SUMMERS: Michelle Obama launched When We All Vote in 2018. The nonpartisan group is the most high-profile political effort she's made since her family left the White House. Christine Matthews is a Republican pollster. She says that Michelle Obama is particularly popular among African Americans and women.

CHRISTINE MATTHEWS: Every first lady or former first lady has a partisan aspect to their popularity. But Michelle Obama is actually fairly popular among Republican women.

SUMMERS: Matthews says it helps that Obama's role has not been overly political. That's something that those who know her say isn't likely to change in 2020, even with former Vice President Joe Biden on the ballot. Stephanie Cutter is a Democratic strategist who advised Michelle Obama.

STEPHANIE CUTTER: The kind of surrogacy that Michelle Obama brings is unprecedented. People don't see her as a political figure. They see her as a beloved former first lady who they completely relate with.

SUMMERS: Former President Barack Obama endorsed Biden last week. While those close to her say that Michelle Obama, of course, supports Biden's campaign, she has yet to endorse, herself. Susan Sher.

SHER: Whatever she does, she will be above the fray. And that isn't to say that she isn't supporting Vice President Biden. She obviously is. But she will do it in a way that is positive.

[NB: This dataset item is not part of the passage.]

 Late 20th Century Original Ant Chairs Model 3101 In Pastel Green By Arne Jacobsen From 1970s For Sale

SUMMERS: Aimee Allison is the founder of She the People, a group focused on mobilizing women of color.

AIMEE ALLISON: Michelle Obama's endorsement of Joe Biden isn't as critical as Michelle Obama's encouragement of high voter turnout. (Laughter) She's exactly positioned where she needs to be to actually win the White House.

SUMMERS: Michelle Obama's popularity, coupled with her digital footprint, makes her a desirable surrogate for a time when campaigning and advocacy work is all moving online. On Instagram alone, she has more than 37 million followers. Tina Tchen also served as Obama's chief of staff and is the president of Time's Up Now. She says Obama brings an authenticity to social media that motivates people.

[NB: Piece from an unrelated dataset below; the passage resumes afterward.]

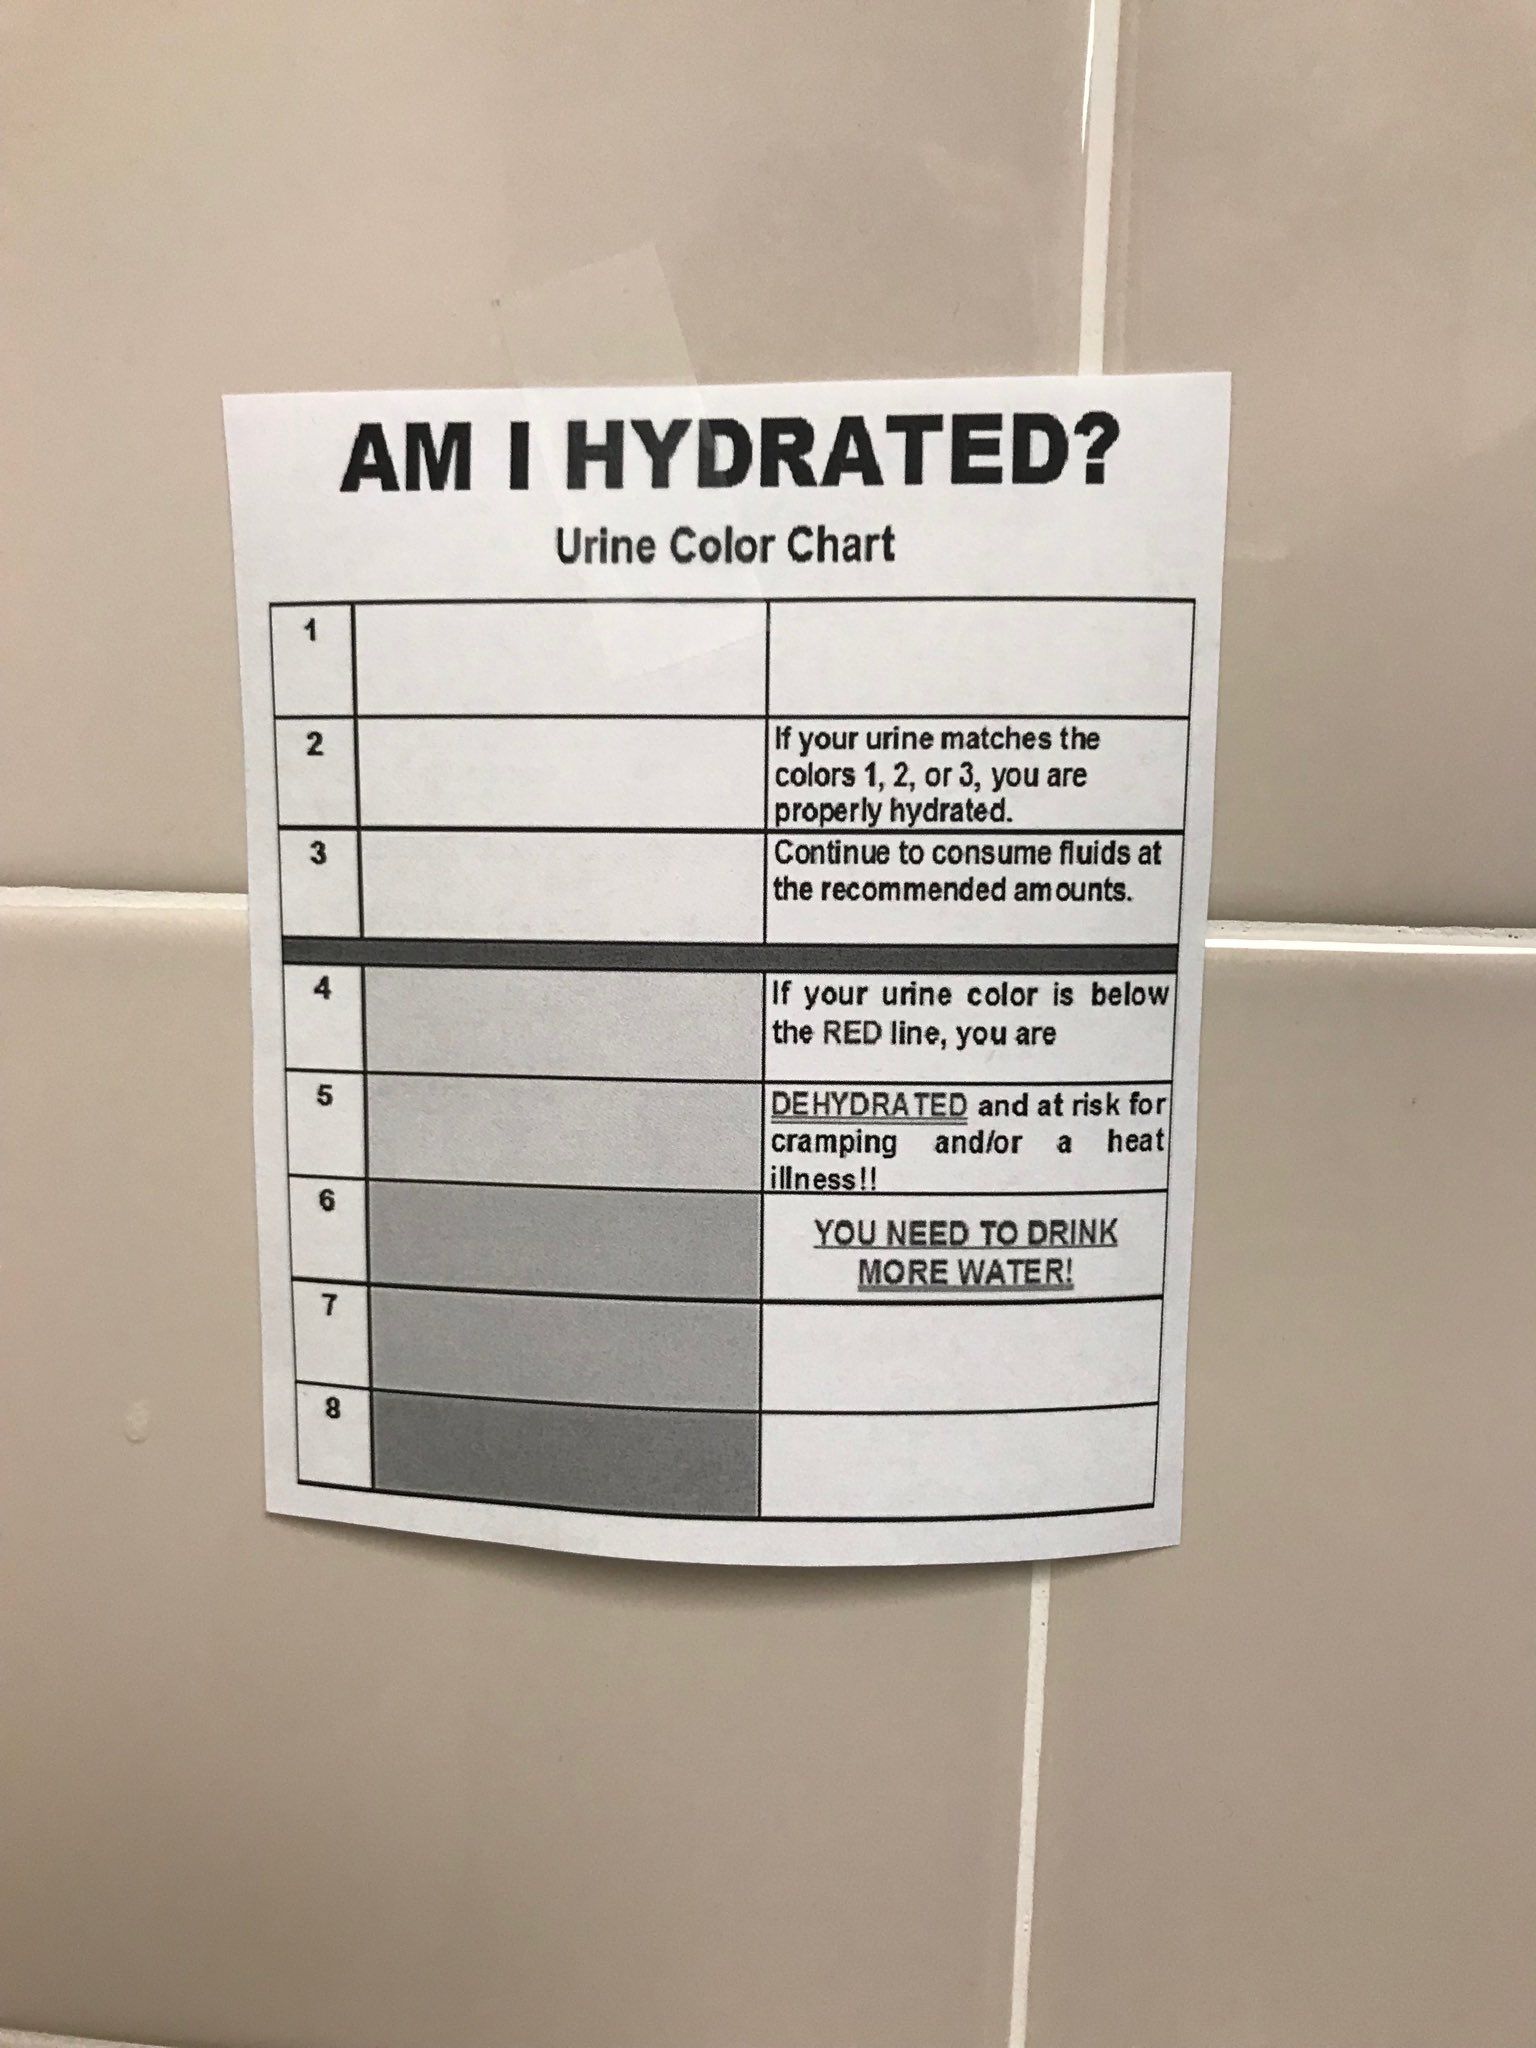 Someone posted this on the urinal and it's in black and white

TINA TCHEN: She has been a huge presence. And I laugh about that because I can remember being in the White House in an era where we weren't so sure Twitter was something the first lady of the United States ought to be on (laughter).

SUMMERS: After she dropped into Club Quarantine, DJ D-Nice hosted a couch party for Michelle Obama's voting group. When We All Vote says it reached more than 400,000 eligible voters.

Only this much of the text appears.